---------- Dataset section

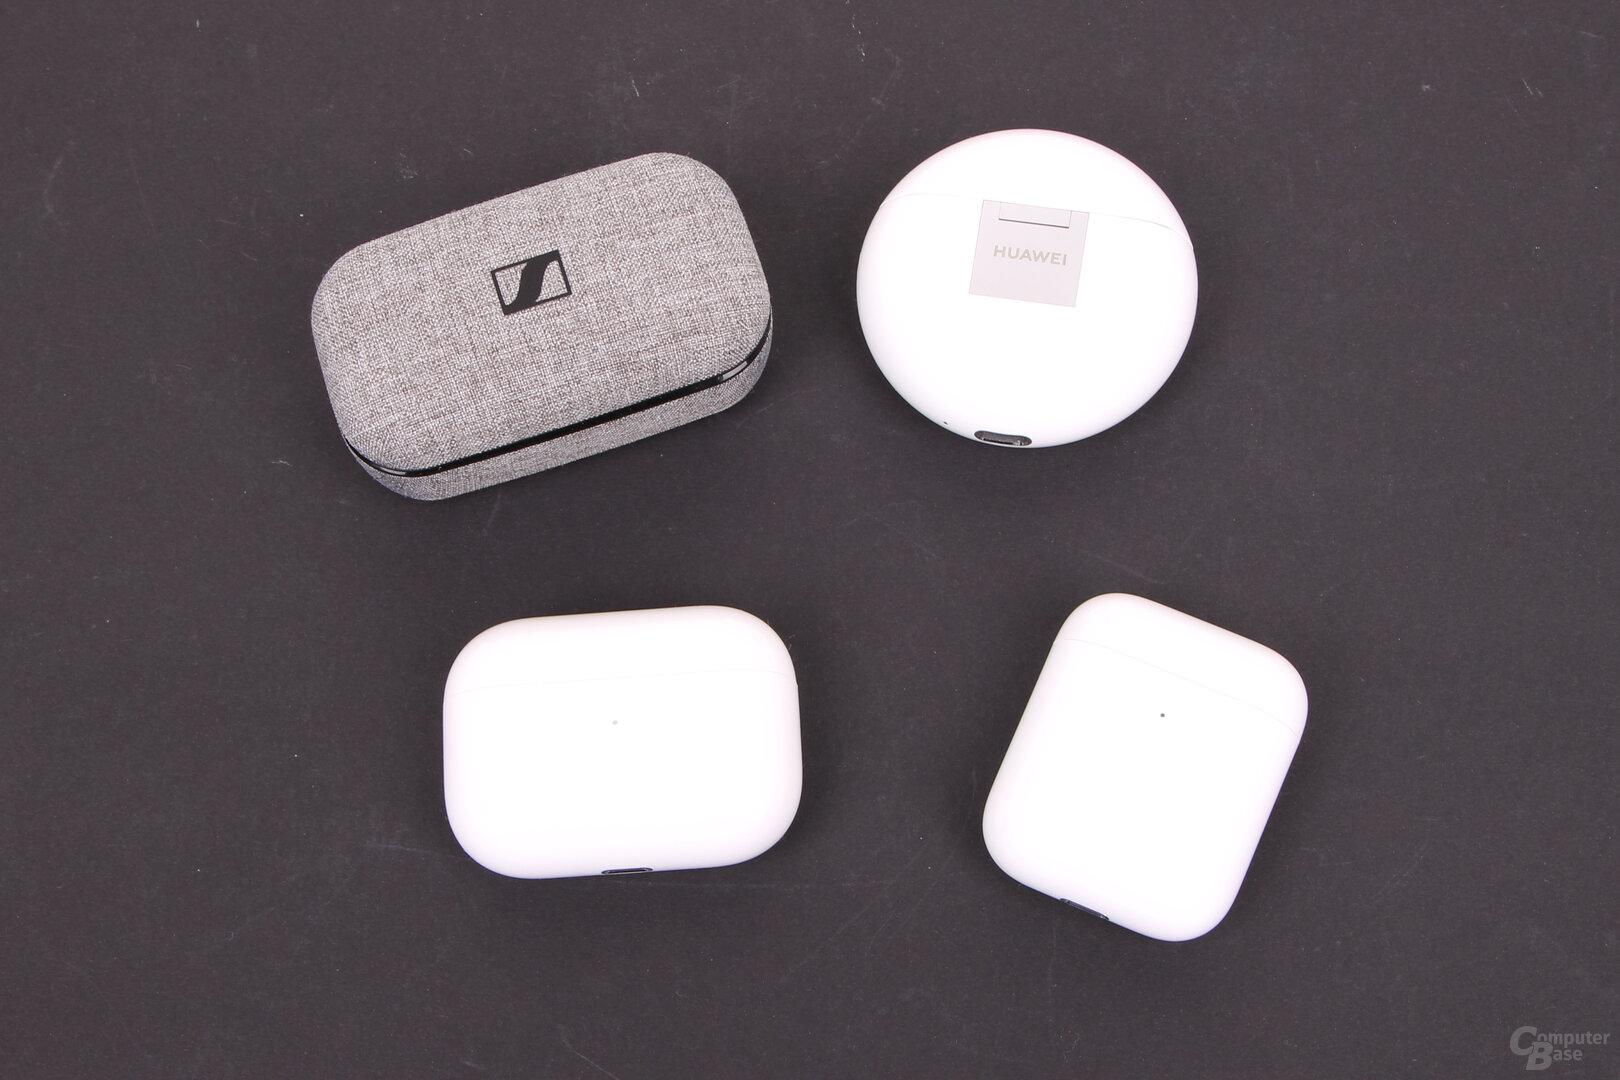 Ladecase der Apple AirPods Pro, AirPods, Sennheiser Momentum True Wireless und Huawei FreeBuds 3
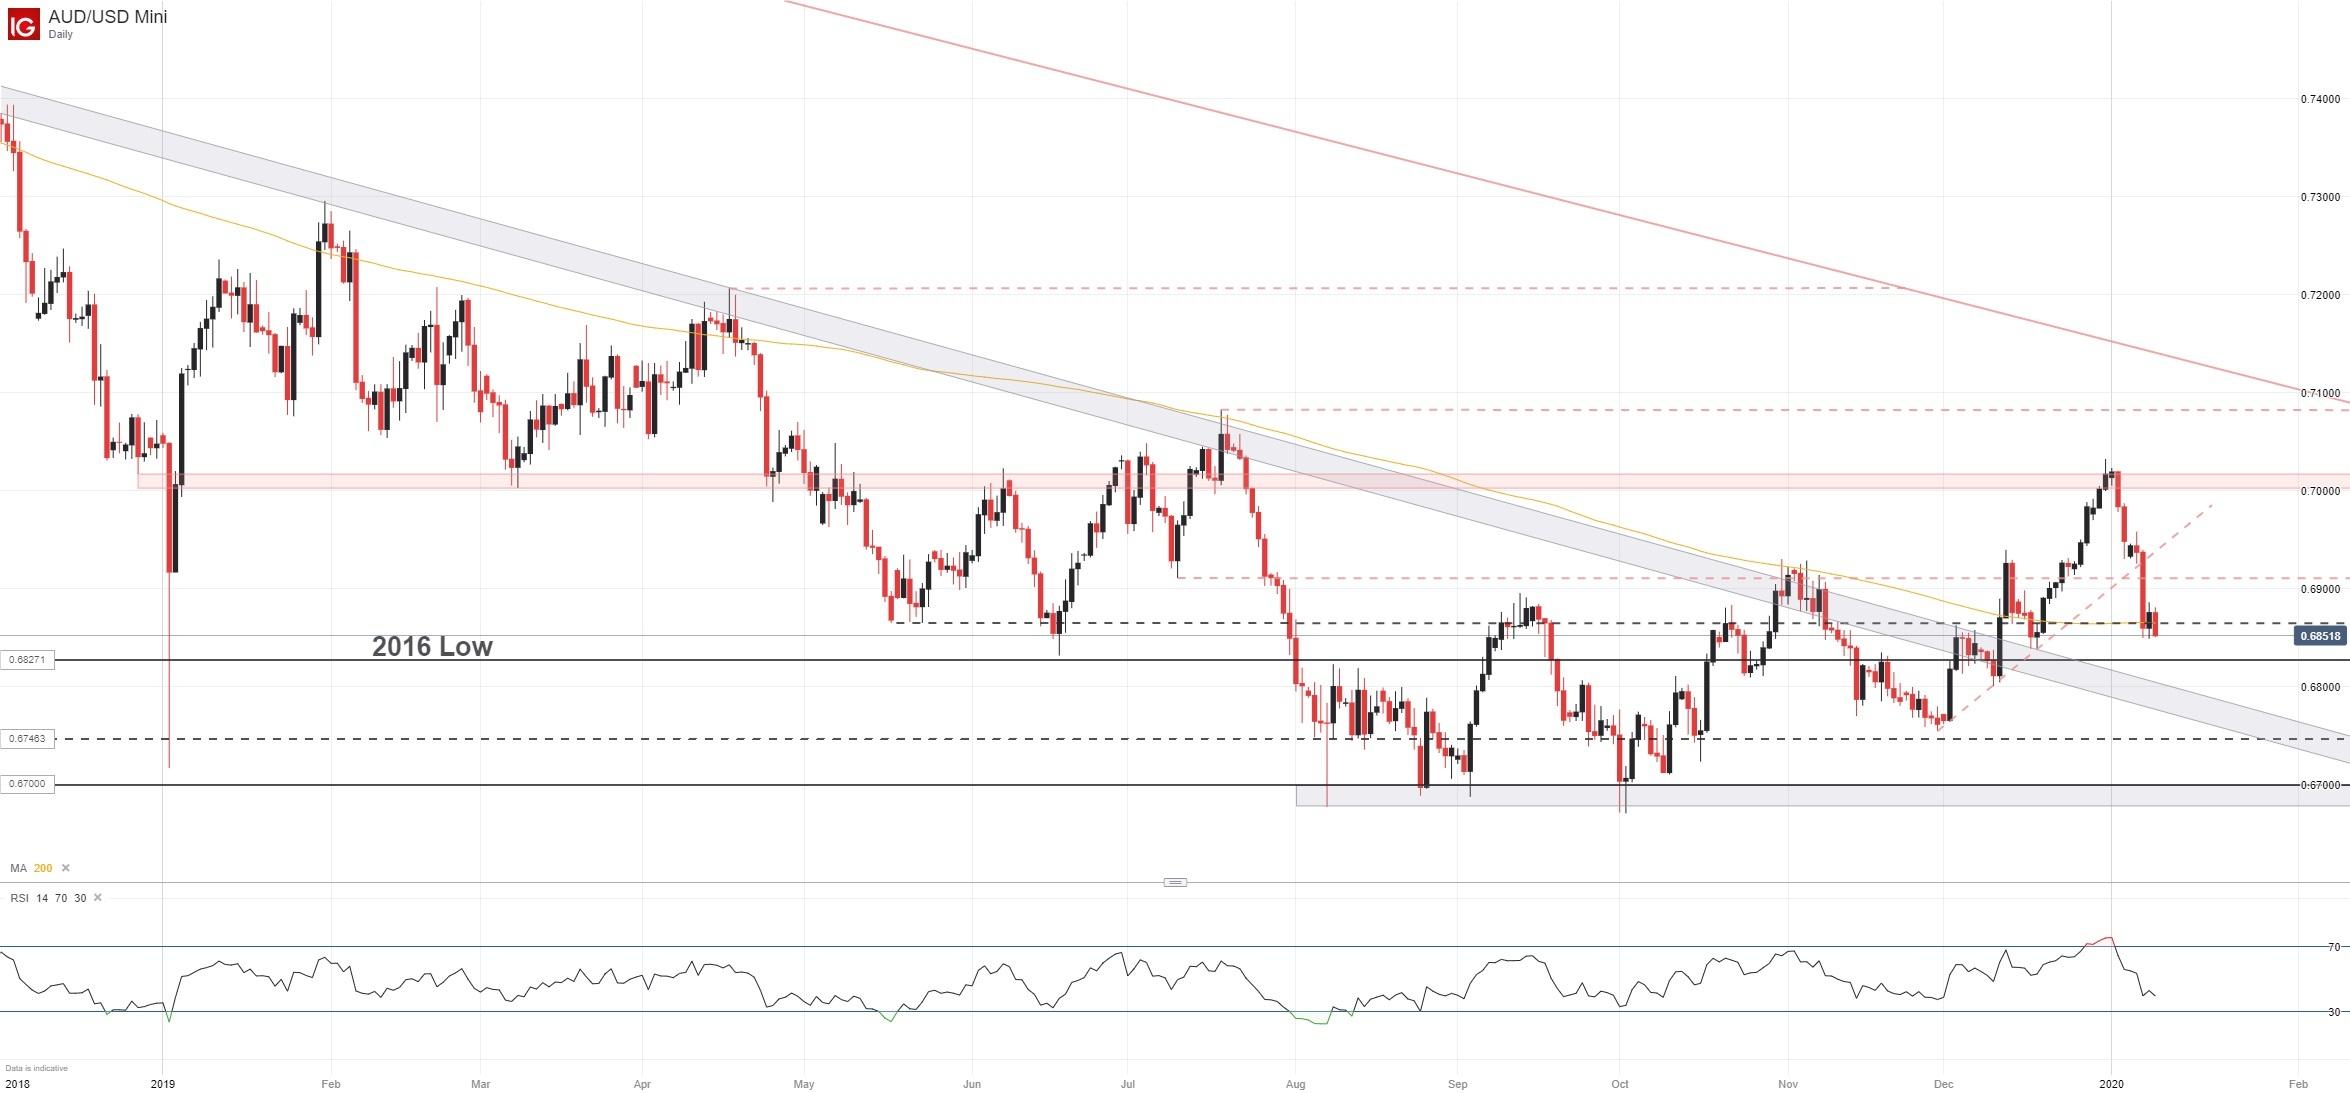 Australian Dollar Forecast: AUD/USD Falters, Will it Fall Further?
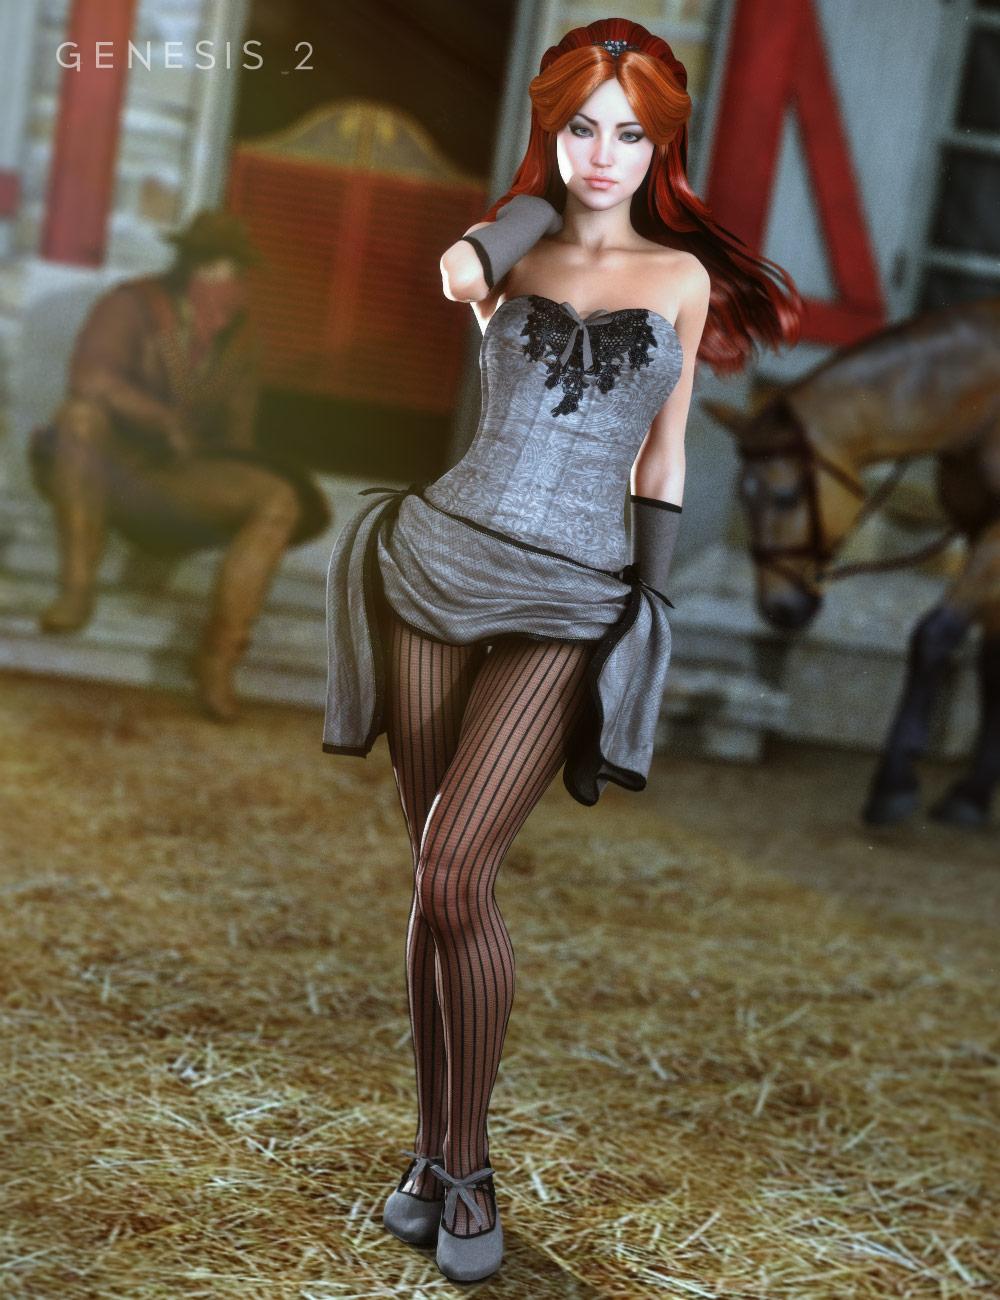 Heartbeat for Genesis 2 Female(s) by: 3DLustSarsa, 3D Models by Daz 3D

--------------------

Your assignment
The expected output is exactly the lines from the one containing "Australian Dollar Forecast: AUD/USD" through the last line of the listing, both included, with every picture left out.

Result
 Australian Dollar Forecast: AUD/USD Falters, Will it Fall Further?
 Heartbeat for Genesis 2 Female(s) by: 3DLustSarsa, 3D Models by Daz 3D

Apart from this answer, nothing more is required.